Bajo esta apreciación compleja en interacción de sistemas, similares o diversos, se puede abordar con mayor complejidad la comprensión de los sistemas biológicos: un bosque, una población de insectos o los diversos ciclos biogeoquímicos. Todos los sistemas biológicos hoy día están sujetos a otros sistemas de índole cultural como la economía o el crecimiento demográfico, es así que, la ciencia actual debe entender los sistemas biológicos en constante interacción con sistemas bioculturales.

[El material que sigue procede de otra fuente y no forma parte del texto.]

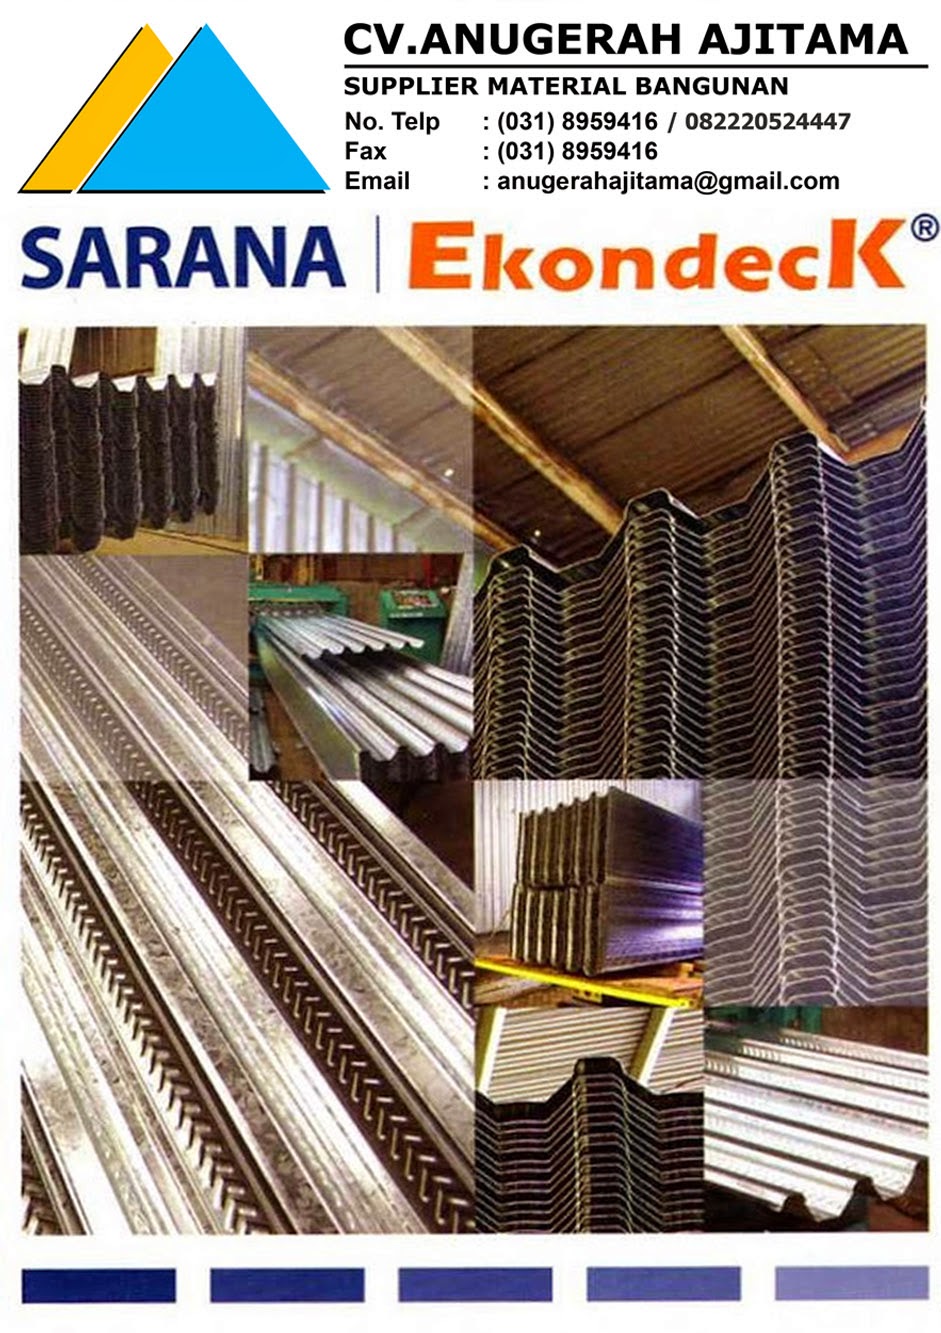 SARANA EKONDECK 890

FORMACIÓN PROFESIONAL Y BIOÉTICA

Hemos discutido anteriormente los caminos que hoy conforman la biología en el empeño de la generación de conocimiento; sin embargo, es importante apuntar que la biología moderna ha sido transformada considerablemente con la inclusión de la tecnología en sus métodos y técnicas; estas herramientas sofisticadas han permitido indagar en los sistemas vivos de una manera más agresiva y totalitaria, al grado de ponderar, a través de determinismos tecno-científicos, la construcción de la biología en nuevas epistemologías; un ejemplo claro es la biología sintética (Silver et al., 2019) donde los intentos por generar vida artificial consumen recursos de forma excesiva, de tipo institucional y grandes sumas económicas que hasta hoy han dado resultados limitados; y por supuesto, la amplia gama de investigaciones desde la biología molecular, dirigida preferentemente a investigaciones farmacéuticas (Soto-Vázquez et al., 2007).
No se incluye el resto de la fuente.